15(βˆ’2)=0{15(-2) = 0}

30=0{30 = 0}

This is not true, so x = -5 is not a solution. However, if you found that x = -7 is a solution, you can plug x = -7 back into the equation and verify that it is true:

(βˆ’3(βˆ’7)βˆ’15)(βˆ’7+7)=0{(-3(-7) - 15)(-7 + 7) = 0}

21(βˆ’0)=0{21(-0) = 0}

0=0{0 = 0}

This is true, so x = -7 is a solution.

Q: What if I have a quadratic equation with no real solutions?

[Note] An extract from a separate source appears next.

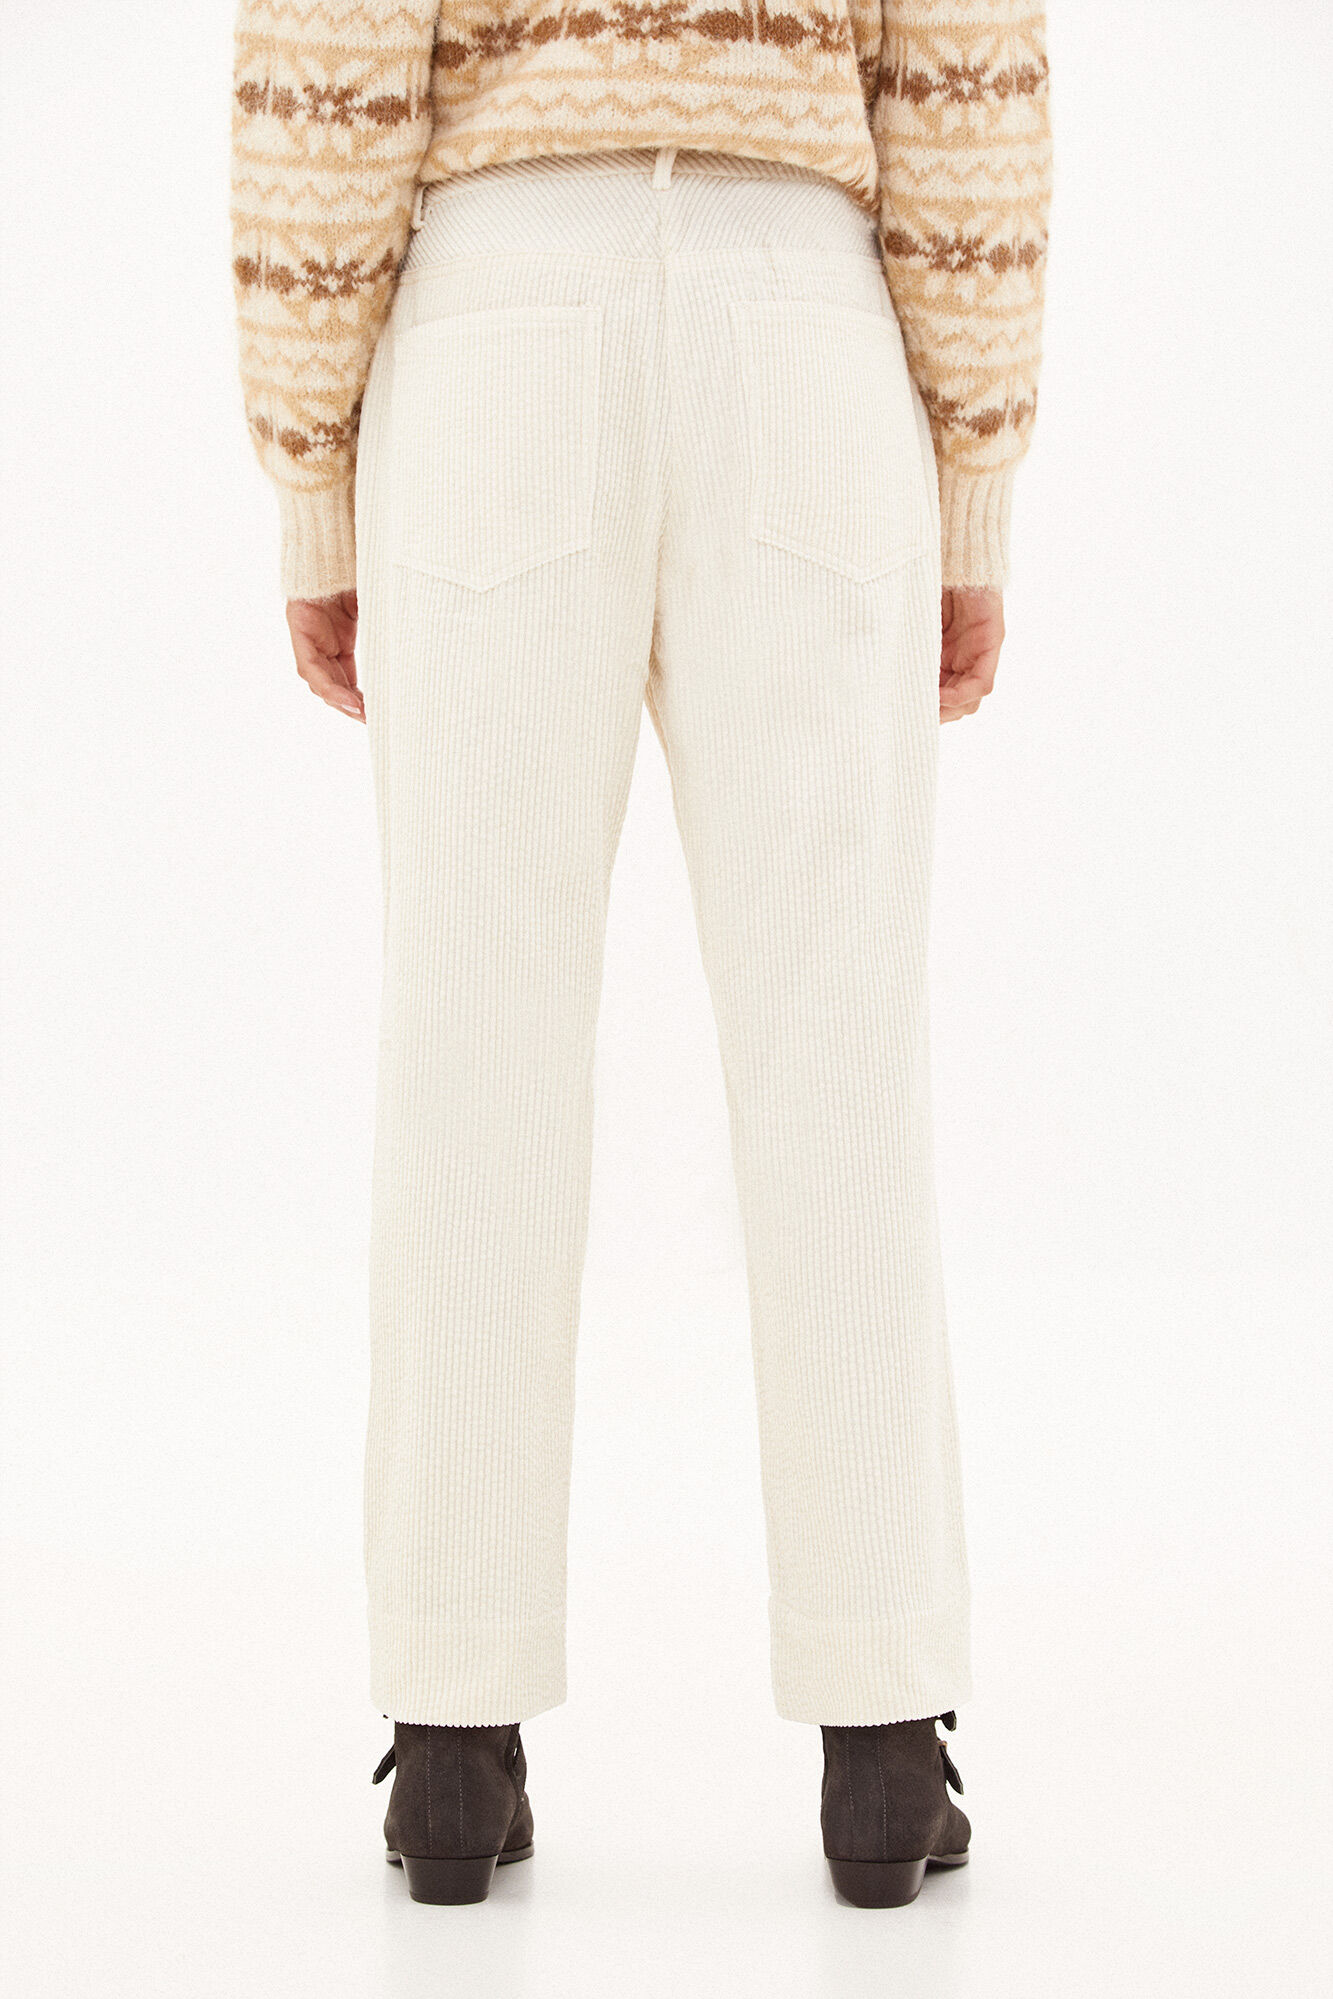 White Corduroy One Pleat Trousers | Acquista su Barròco

A: If you have a quadratic equation with no real solutions, it means that the equation has complex solutions. Complex solutions are solutions that involve imaginary numbers, such as i. For example, consider the equation x2+1=0{x^2 + 1 = 0}. You can factor the equation as:

(x+i)(xβˆ’i)=0{(x + i)(x - i) = 0}

Then, you can set each factor equal to zero and solve for x:

x+i=0{x + i = 0}

xβˆ’i=0{x - i = 0}

The solutions to this equation are x = -i and x = i.

Conclusion

In conclusion, solving quadratic equations is a crucial skill that has numerous real-world applications. By applying the zero product property and simplifying the equation, we can find the values of x that make the equation true. Remember to check your solutions by plugging them back into the original equation to ensure that they are true. With practice and patience, you can become proficient in solving quadratic equations and apply them to real-world problems.